## WORK TASK:
Write out nothing but the lines from the one containing "CAPPUCCINO / CHROME METAL" through the last line below, both included, and without the pictures.

## PROVIDED MATERIAL:

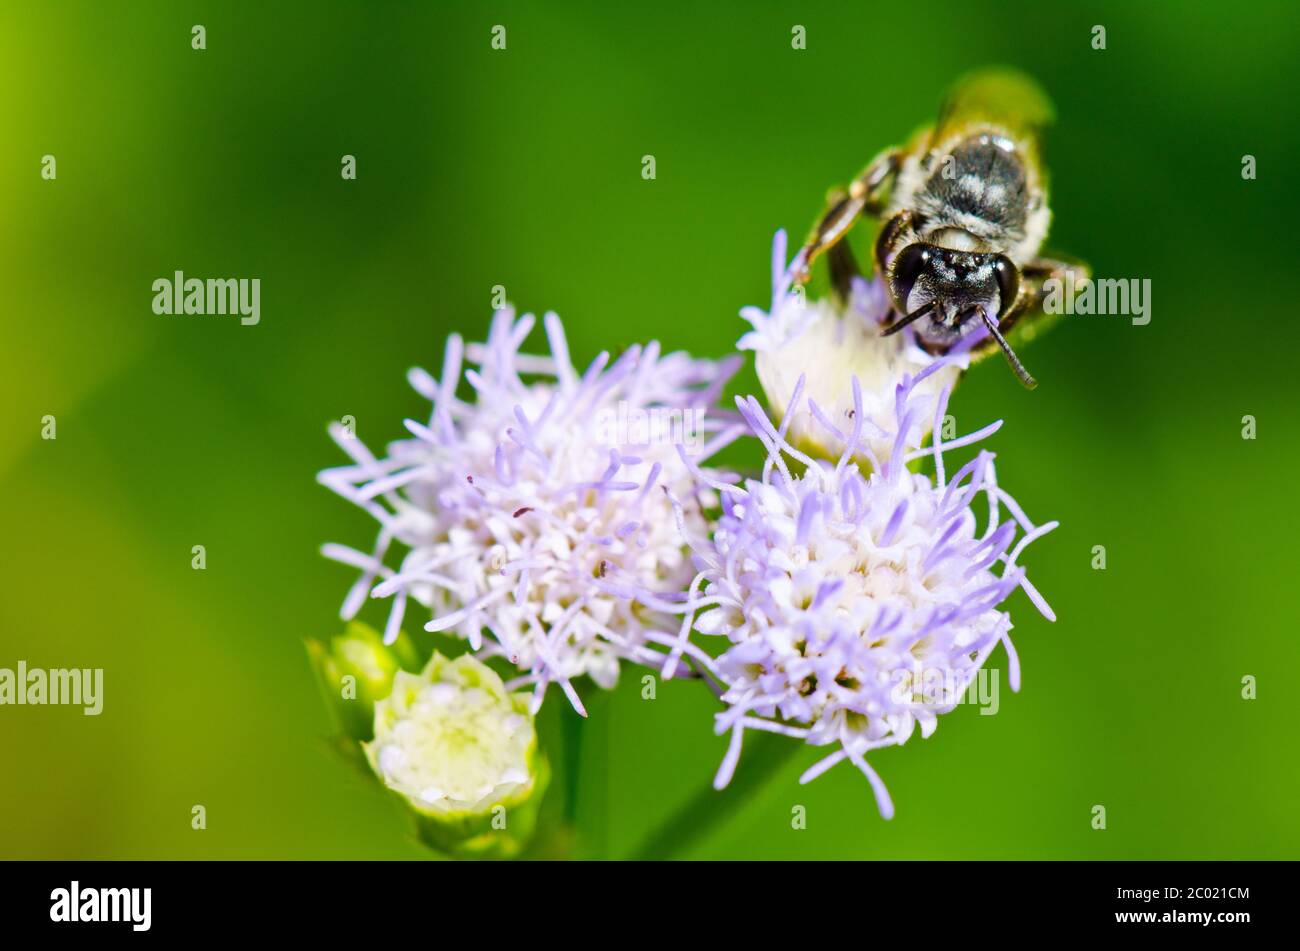 Small bees looking for nectar Stock Photo
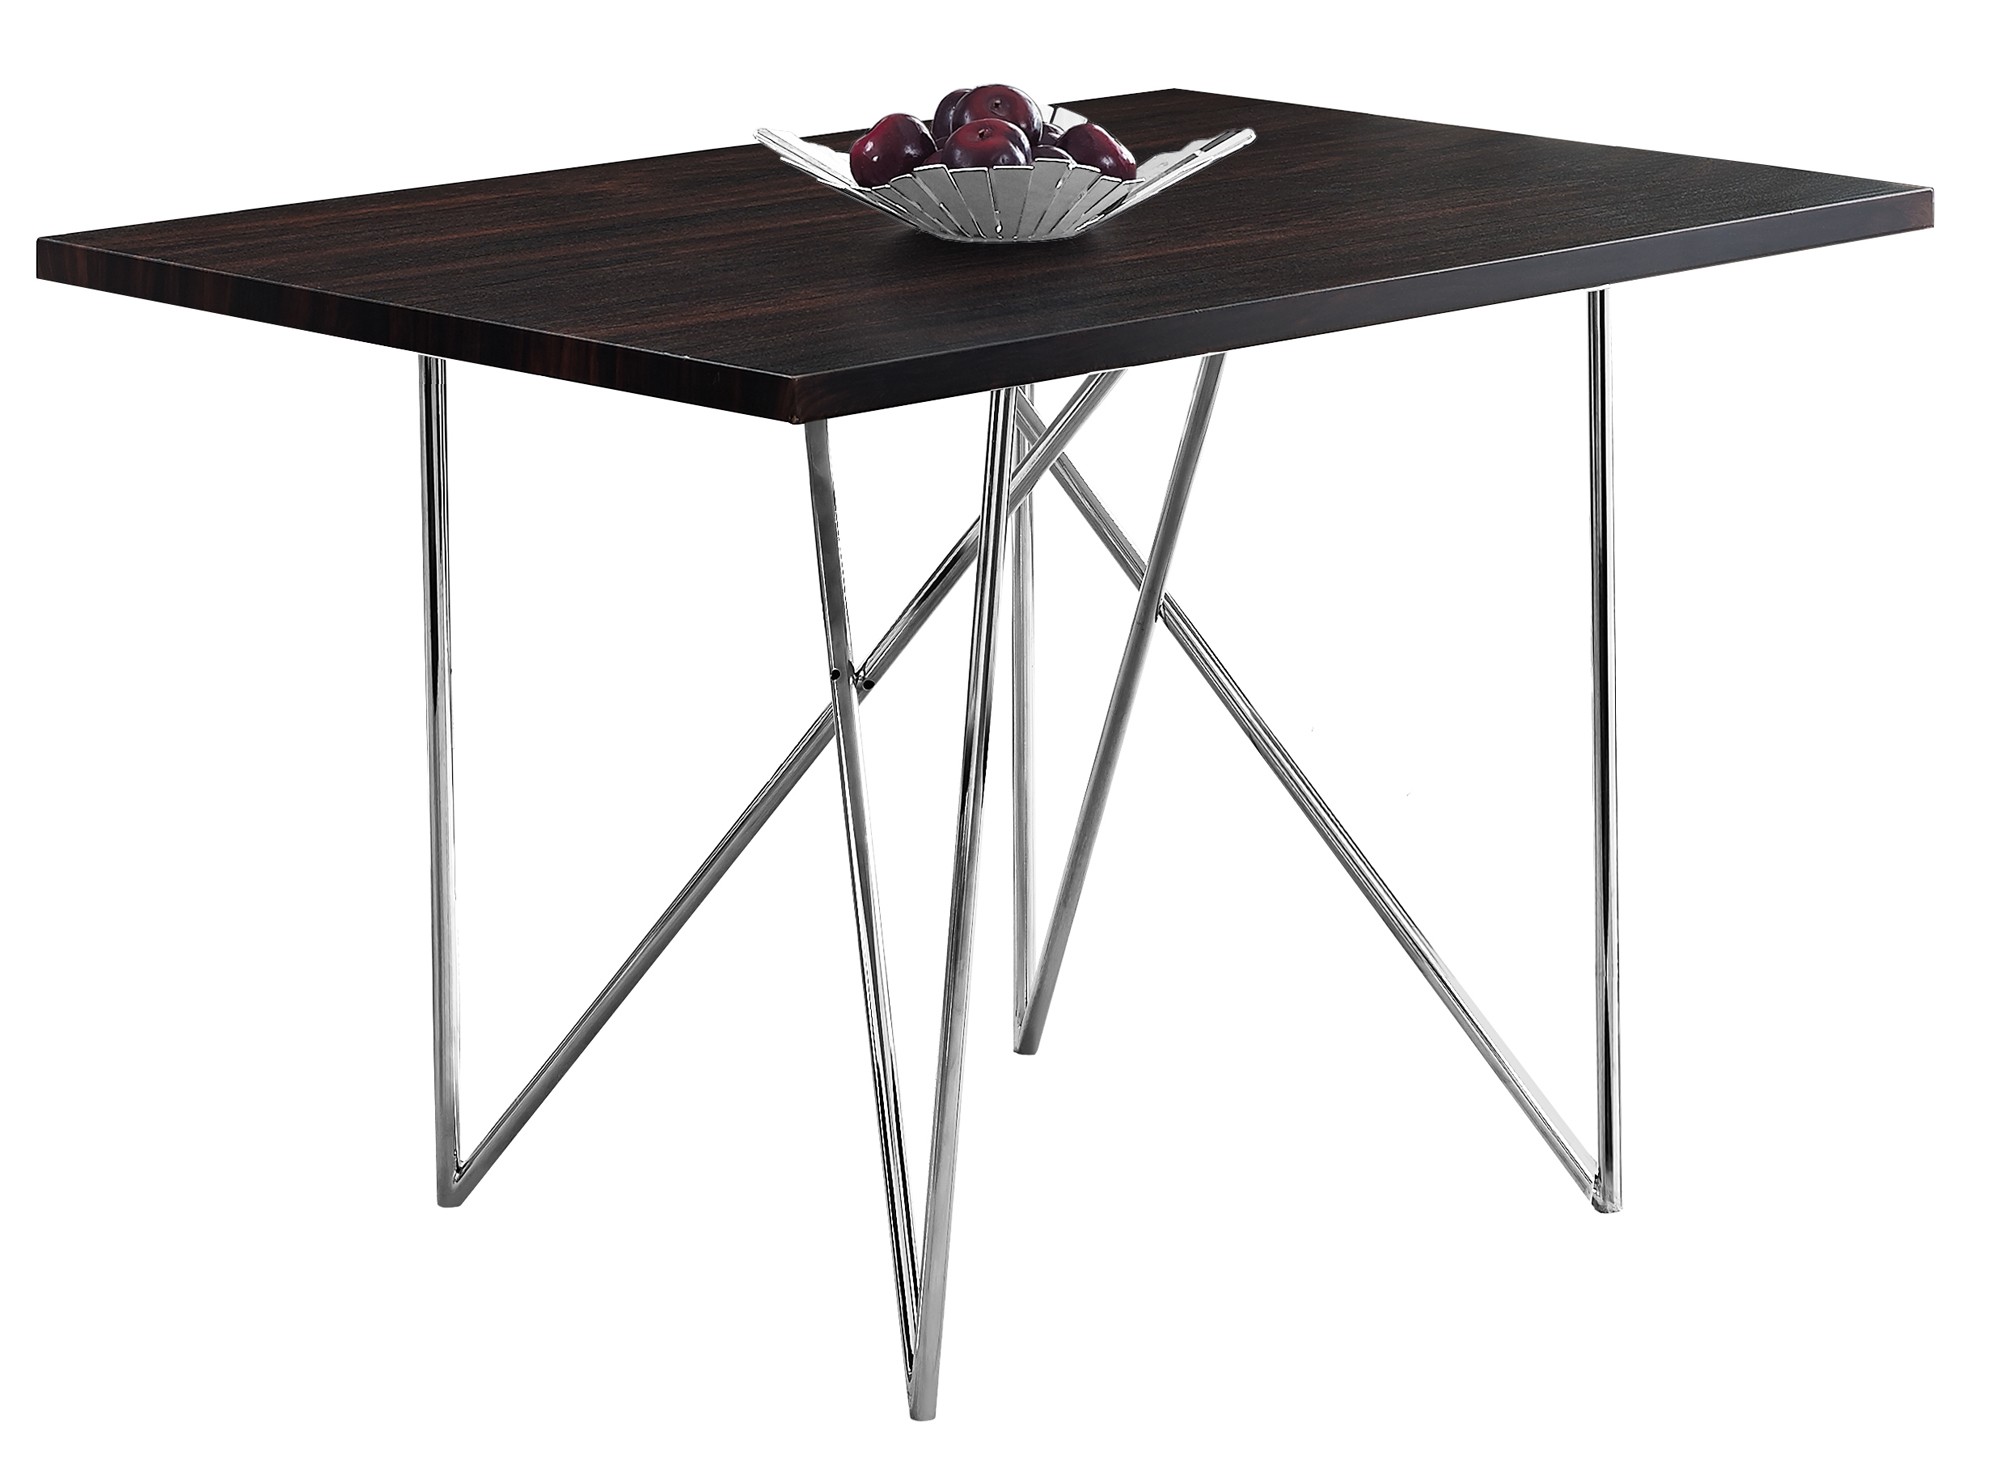 DINING TABLE - 32"X 48" / CAPPUCCINO / CHROME METAL
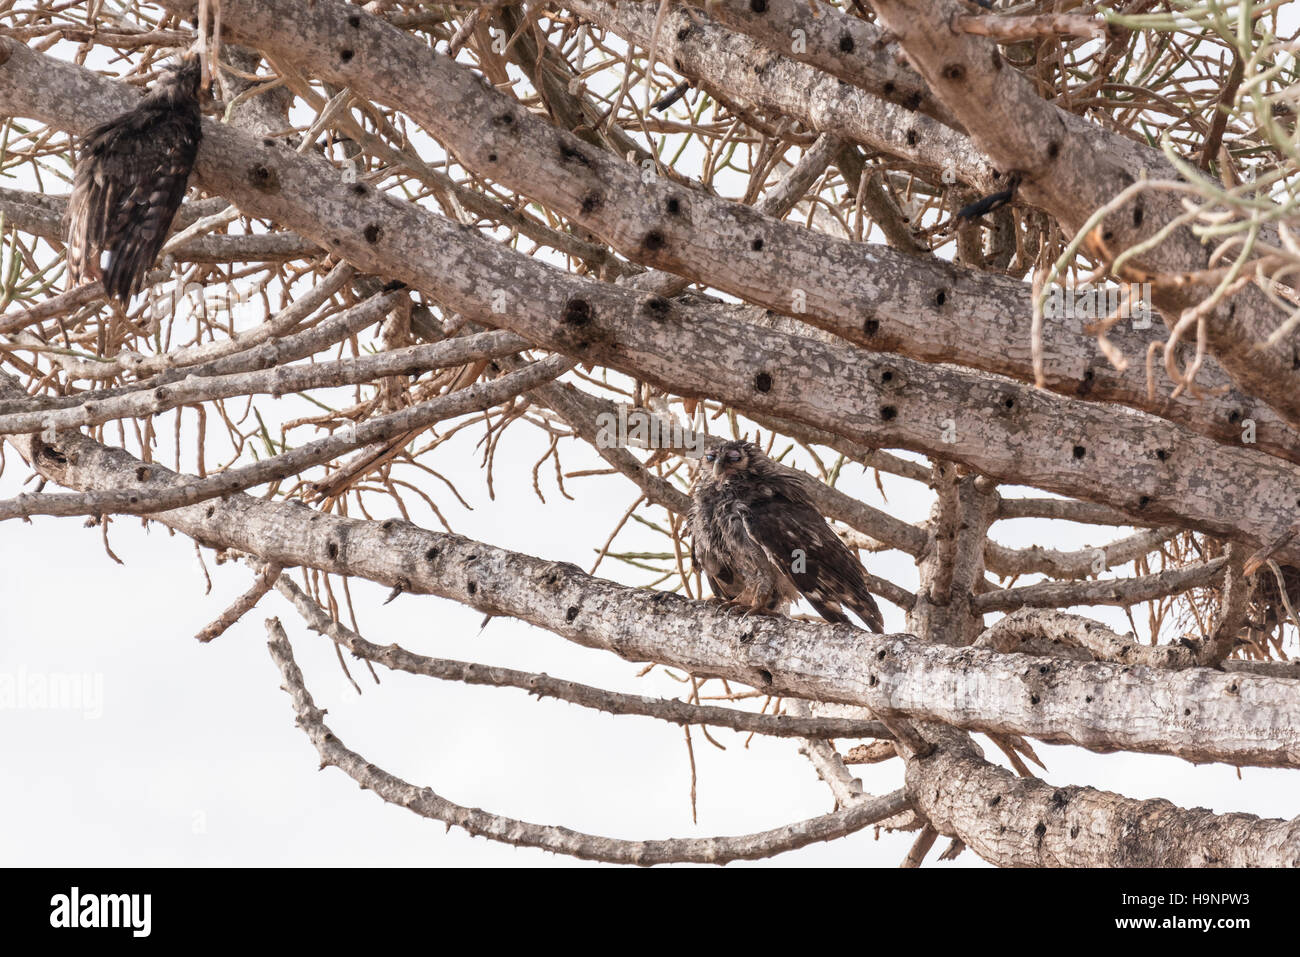 Two bedraggled Verreaux's Eagle Owls perched in a tree after a period of heavy rain Stock Photo

## RESPONSE TO THE TASK:
 DINING TABLE - 32"X 48" / CAPPUCCINO / CHROME METAL
 Two bedraggled Verreaux's Eagle Owls perched in a tree after a period of heavy rain Stock Photo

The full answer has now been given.